**Stored data**
---
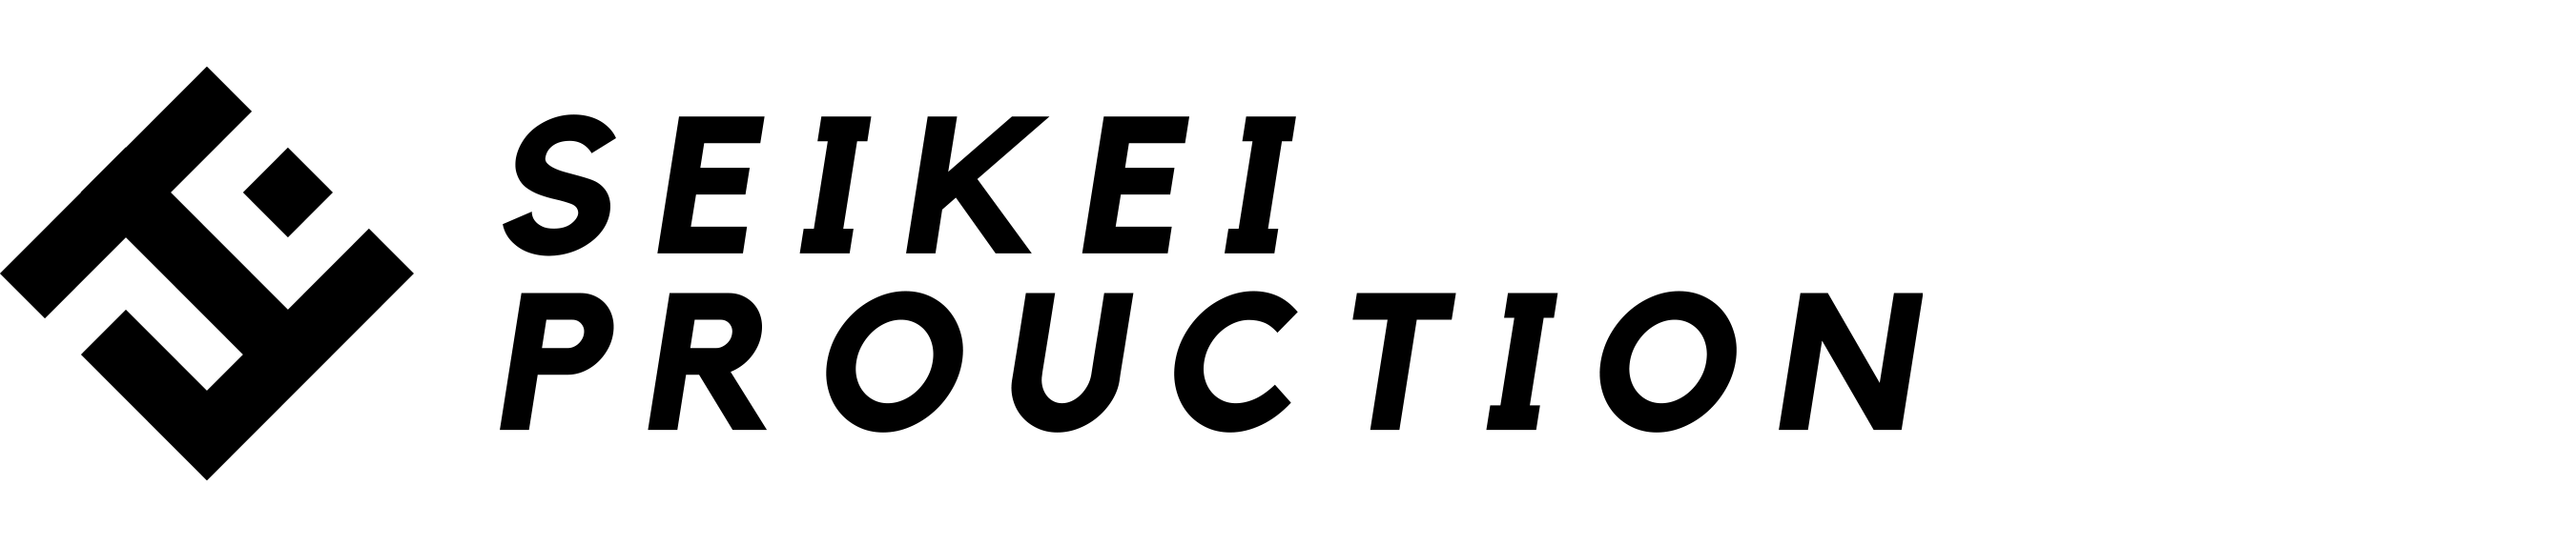 Seikei Production
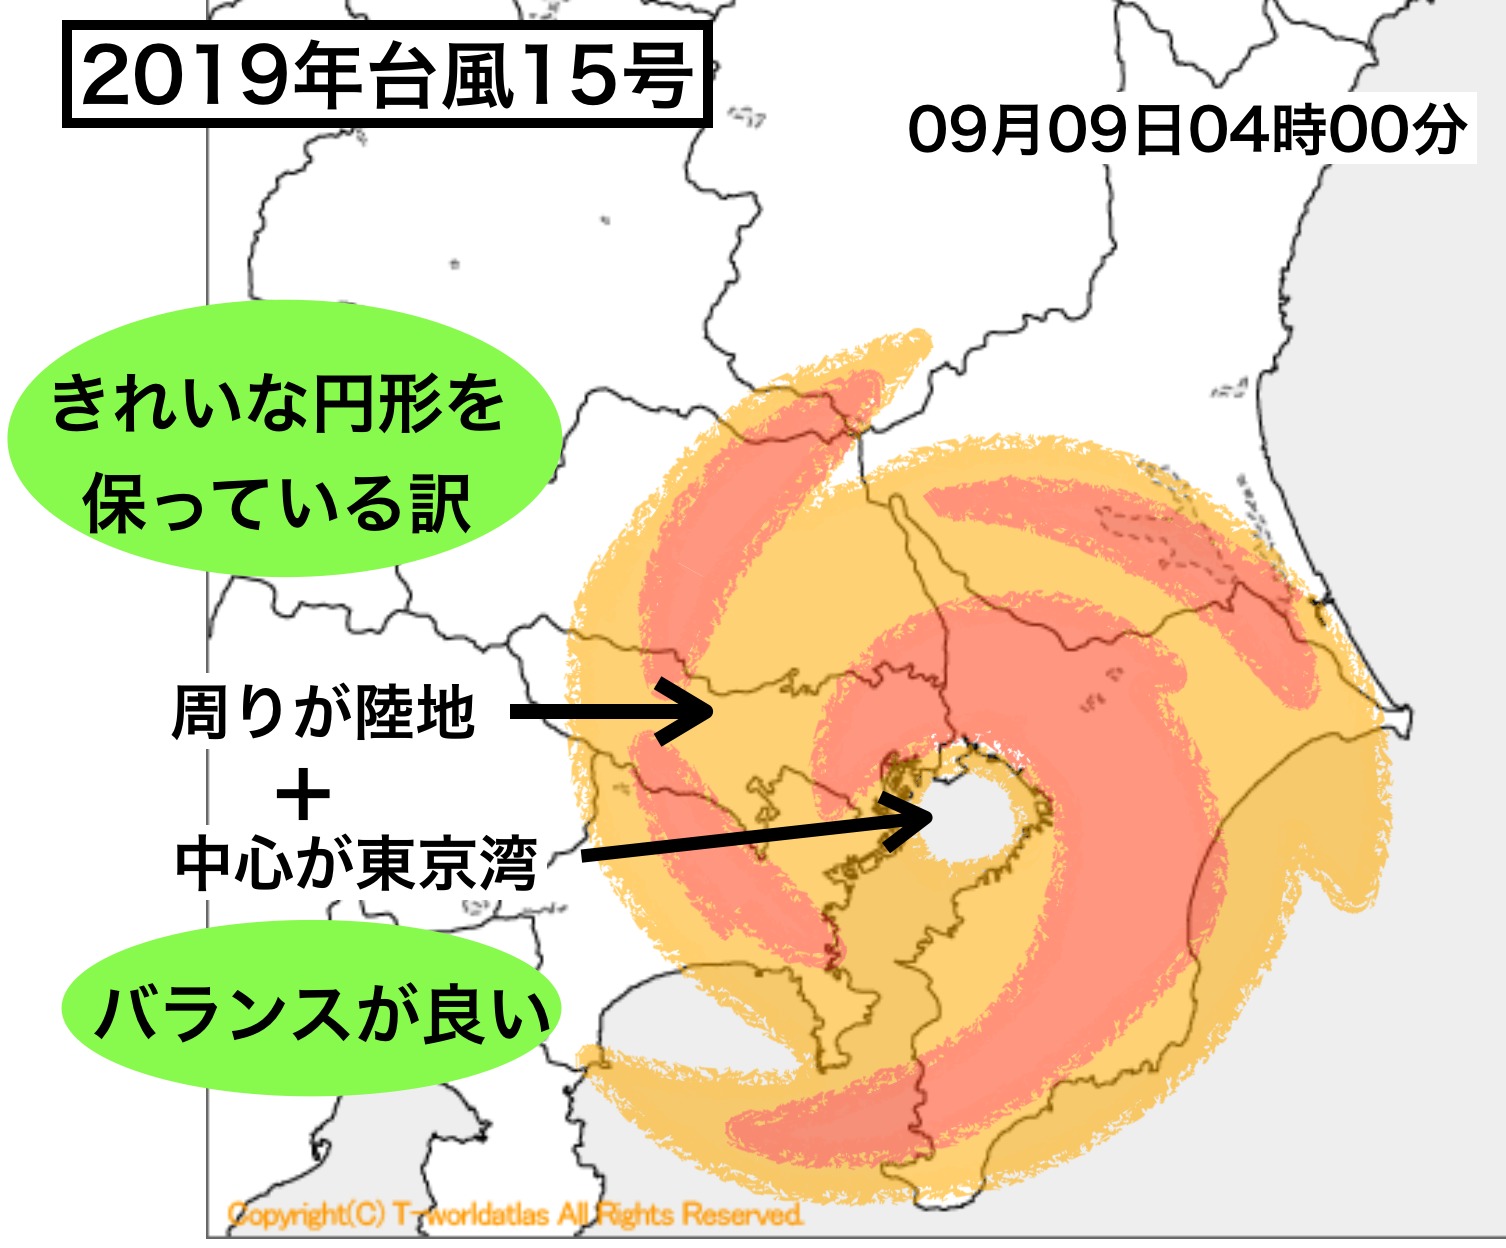 東京湾が台風を丸くした 19年台風15号２ 色と形で気象予報士
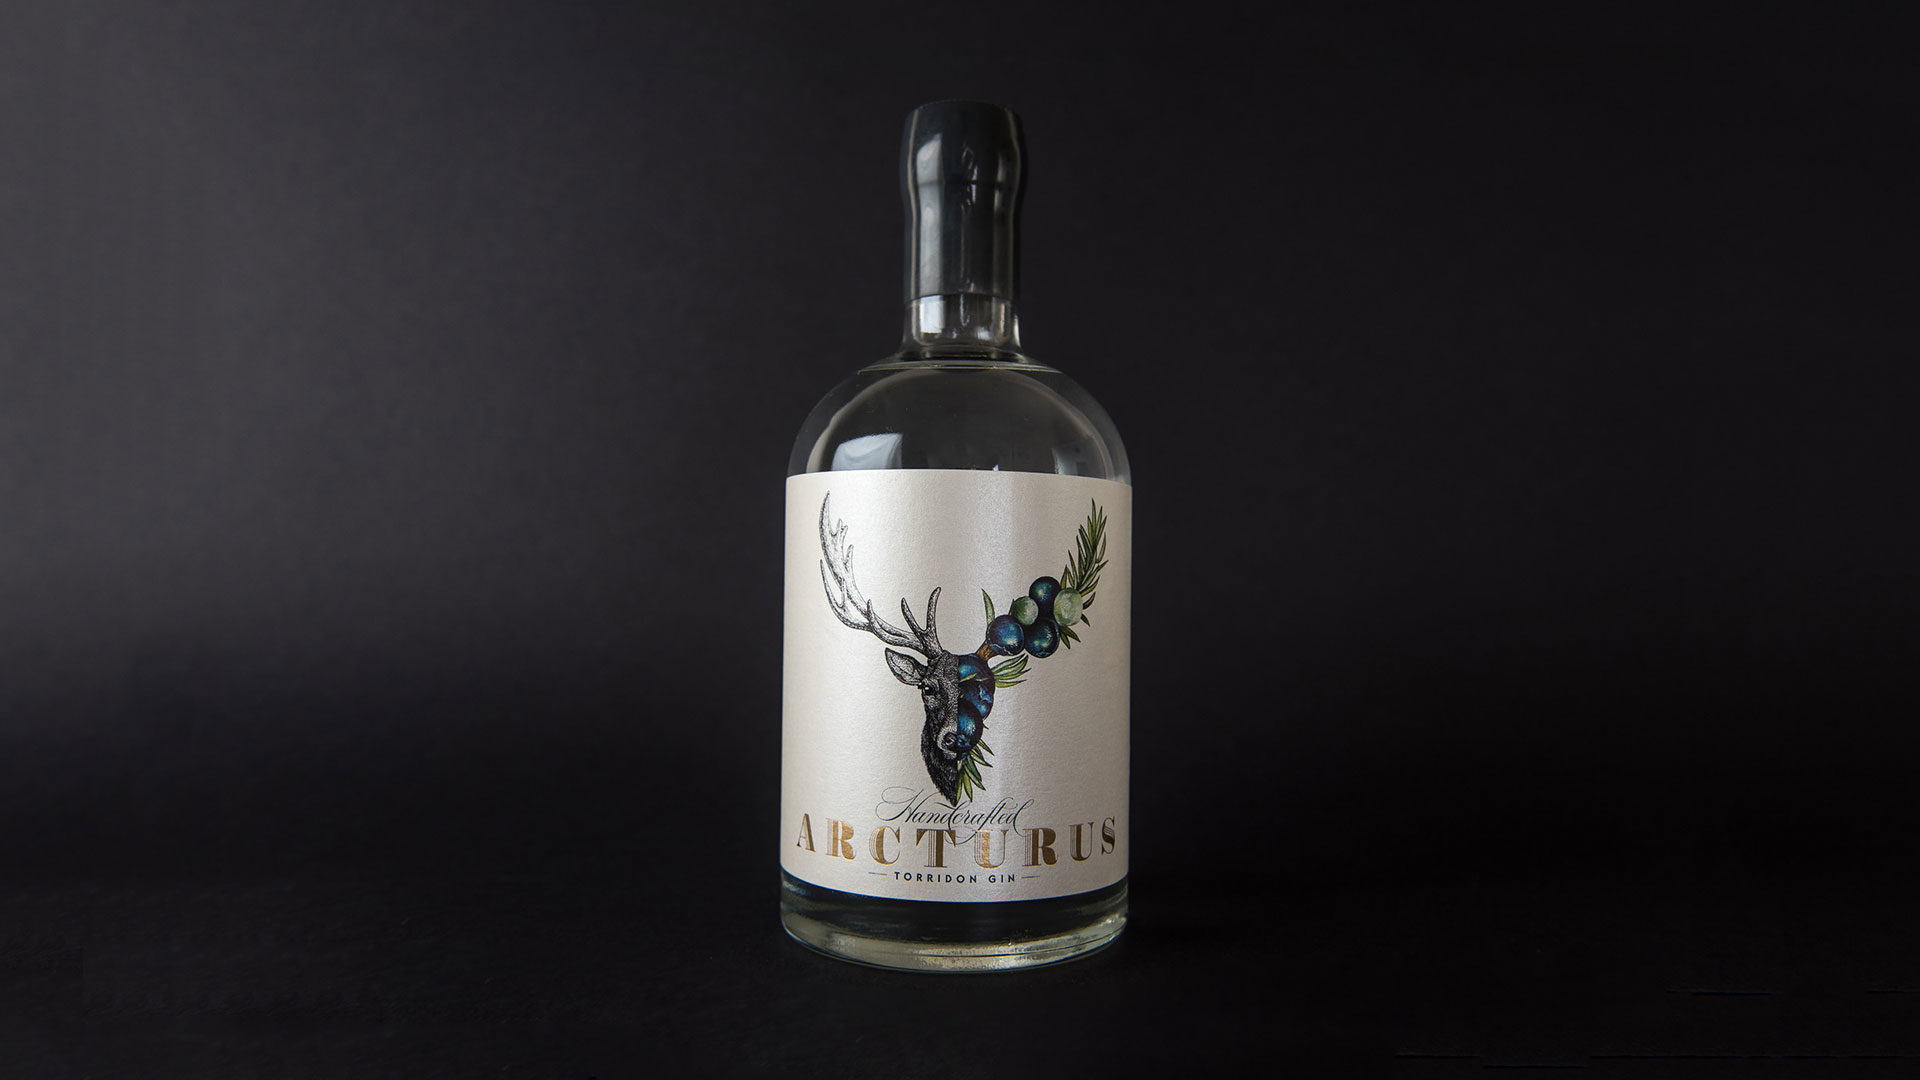 Arcturus nominated at Gin Awards 2018
---
**Task instructions**
The job is to return the listing above exactly, minus its pictures.

**Answer**
 Seikei Production
 東京湾が台風を丸くした 19年台風15号２ 色と形で気象予報士
 Arcturus nominated at Gin Awards 2018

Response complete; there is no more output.